200 years since the death of the pioneer of European indology

Besides native Croatian he spoke Latin, Greek, Hebrew, German, Hungarian, Italian, Portugese and English. As a Carmelitan missionary Vezdin was sent to India in 1776, where he learned Sanskrit and several Indian dialects.

Vezdin is the author of Sidharubam seu gramatica samscrdamica,
the first printed Sanskrit grammar in Europe, published in 1790 in Rome.

He wrote numerous works on Indian culture, and in addition to Sanskrit also learned Malayalam, the Malabar coastal language, in which he wrote his works as well. At the request of a local ruler, King Rama Varmer of the Travancore, he wrote an English-Portugese-Malayalam grammar. The King, enthuseasted with Vezdin's fluency in Malayalam, asked him to be his teacher of English and Portugese in his palace in Padmanabpuram. Vezdin's works are kept in Rome, Vienna and Uppsala.

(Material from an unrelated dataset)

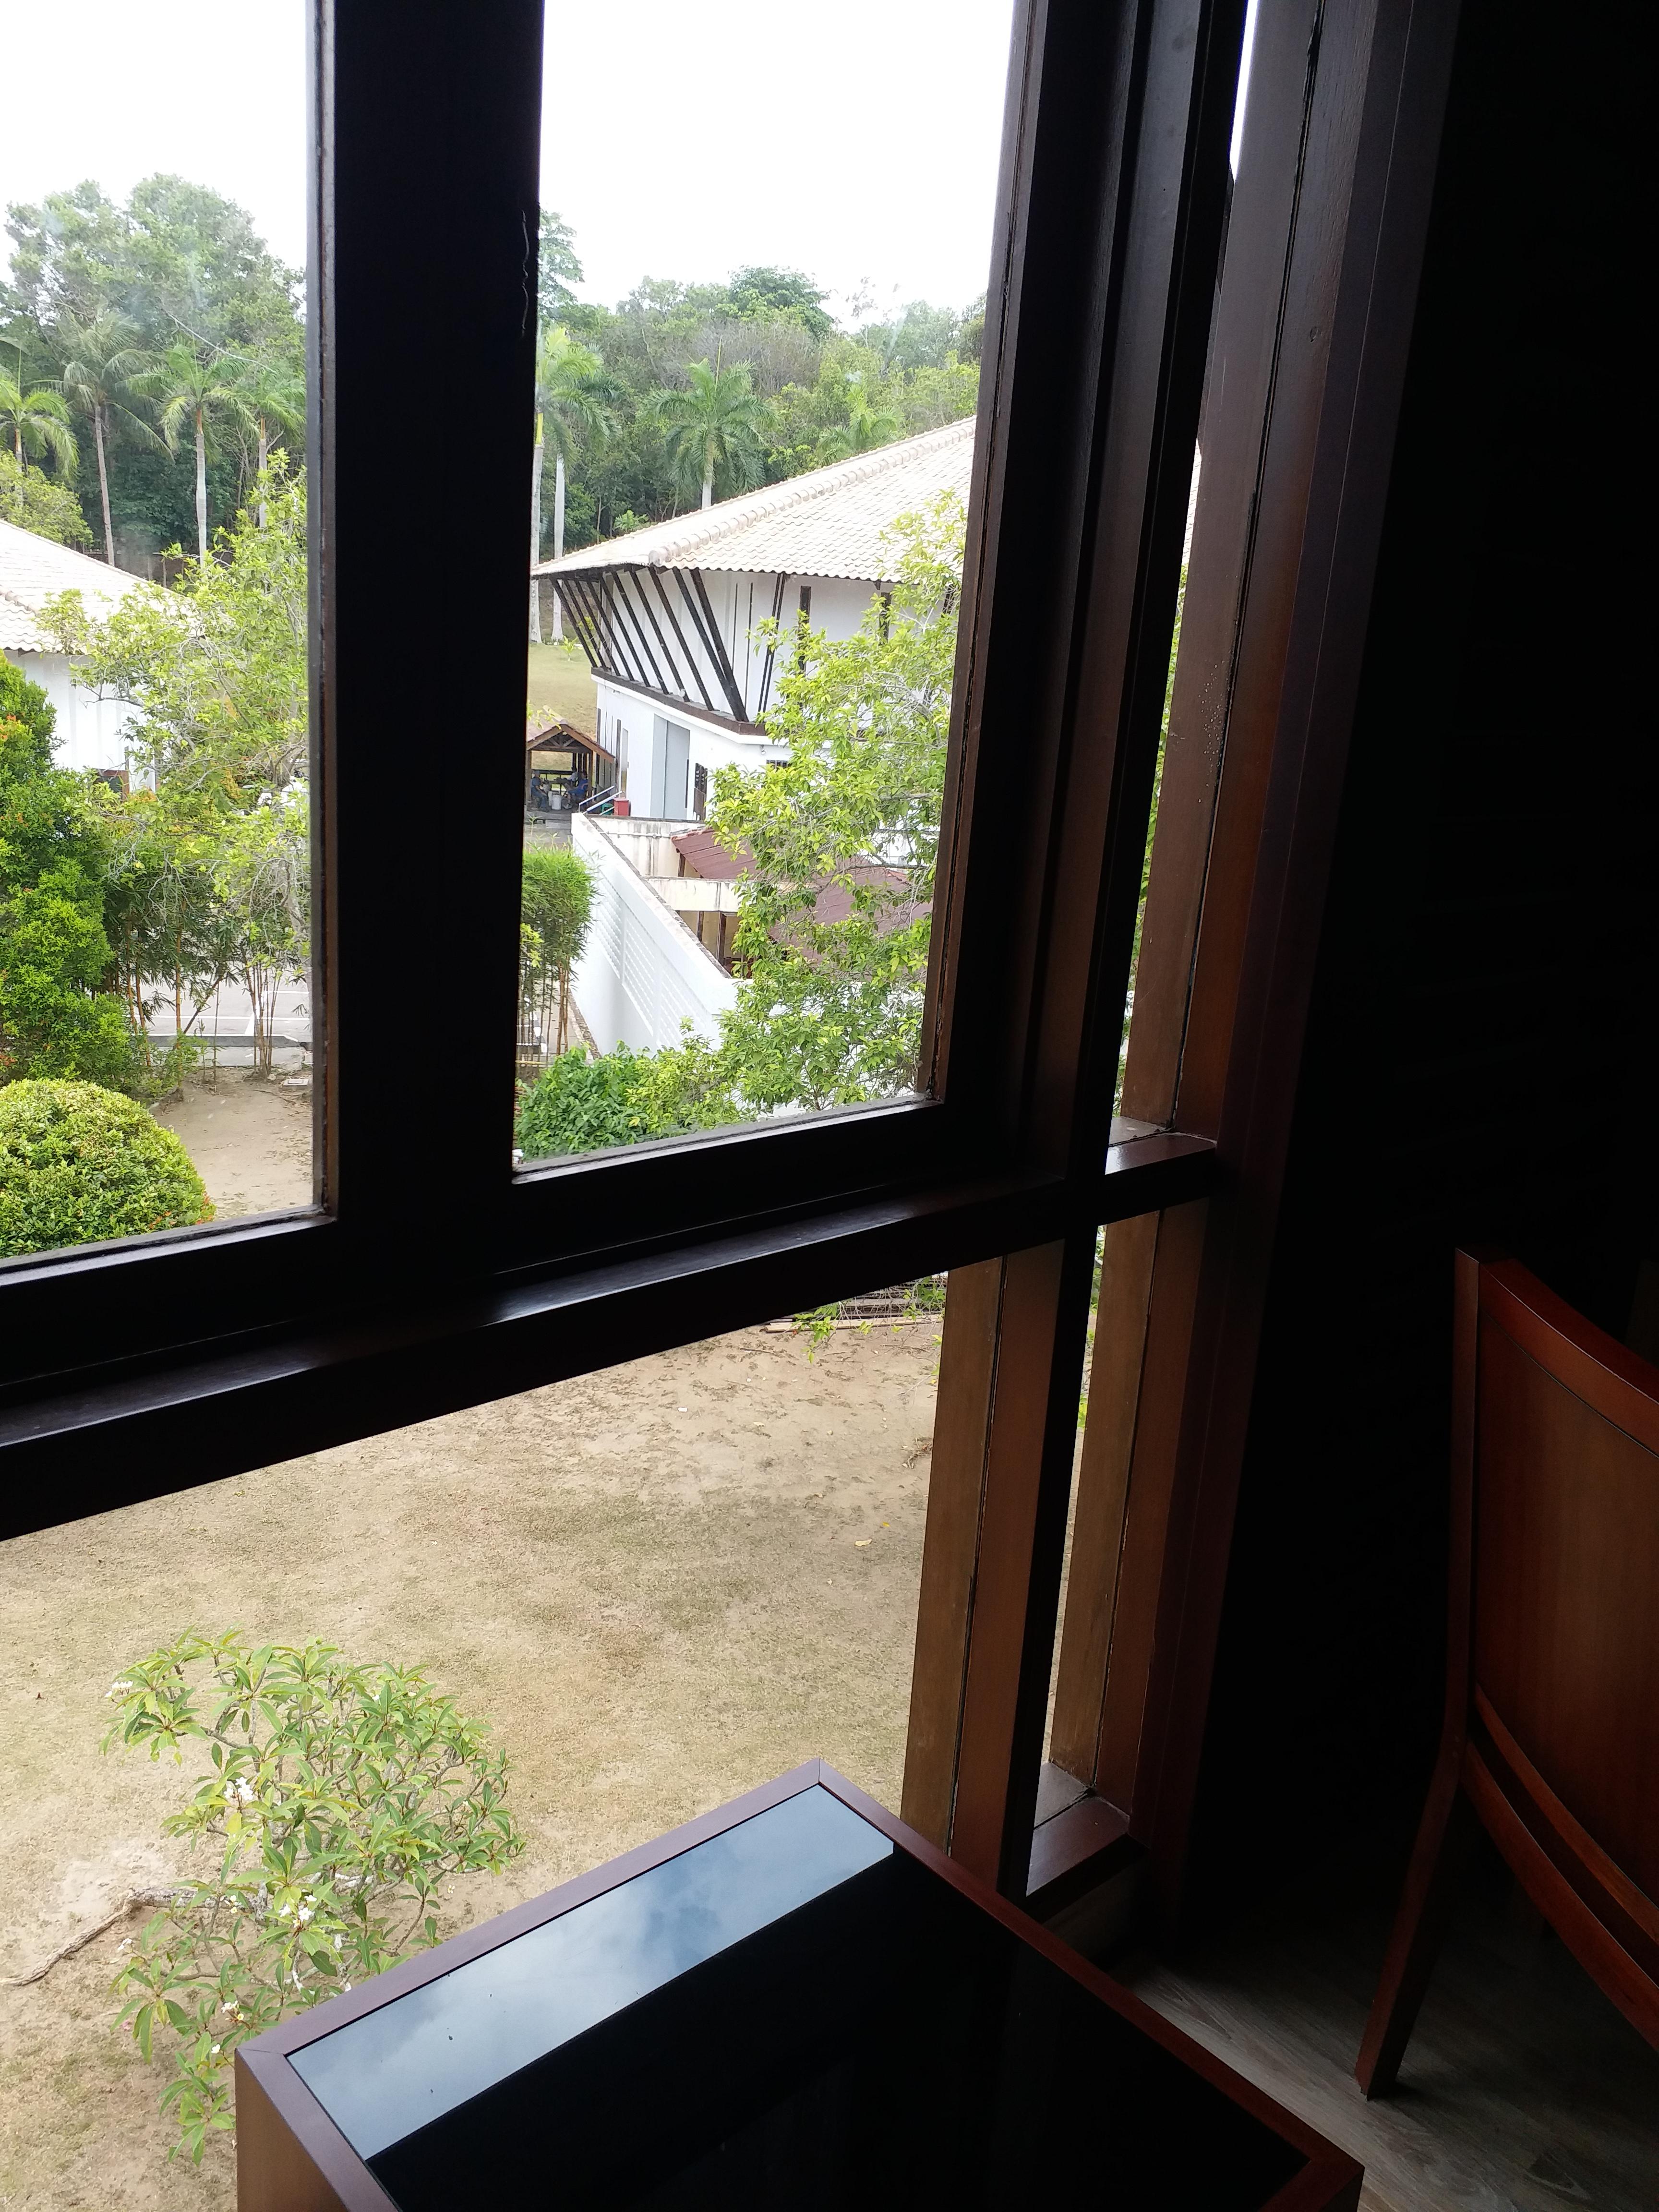 outside view, nirwana garddens,bintan.jpg
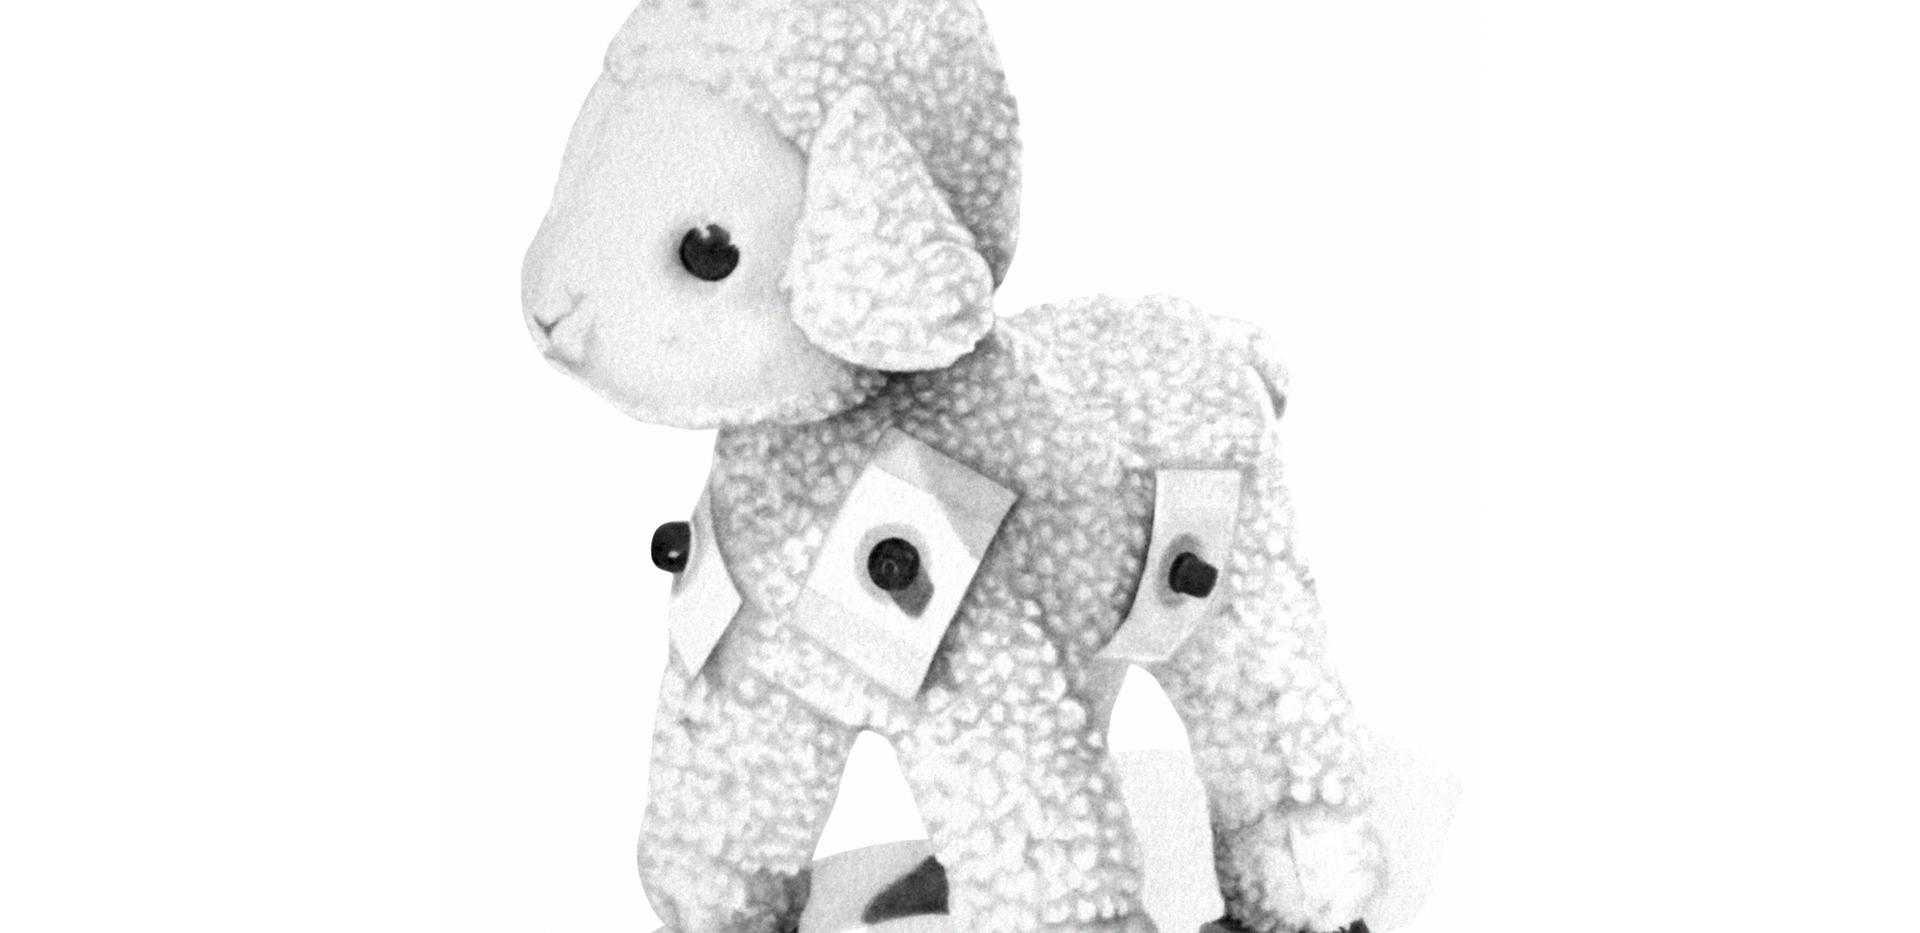 Mouton (Électrocardiogramme)

Filip Vezdin, pioneer of European indology,
 

Vezdin's best known work is Systema brahmanicum liturgicum, mythologicum, civile ex monumentis Indicis Musei Borgian Velitris, Rome 1791, dealing with literature, mythology and civil order of brahmanic India, customs and the way of life. His most interesting and most popular work is his travel-book Viaggio alle Indie orientali, Rome 1796. He also published two philological studies about connections between Hungarian and Laponian languages. In 1999 Vezdin's image was carved into the white marble memorial plaque in the City Museum of Trivandrum, the capital of the Indian state of Kerala. He is considered as one of pioneers of European indology.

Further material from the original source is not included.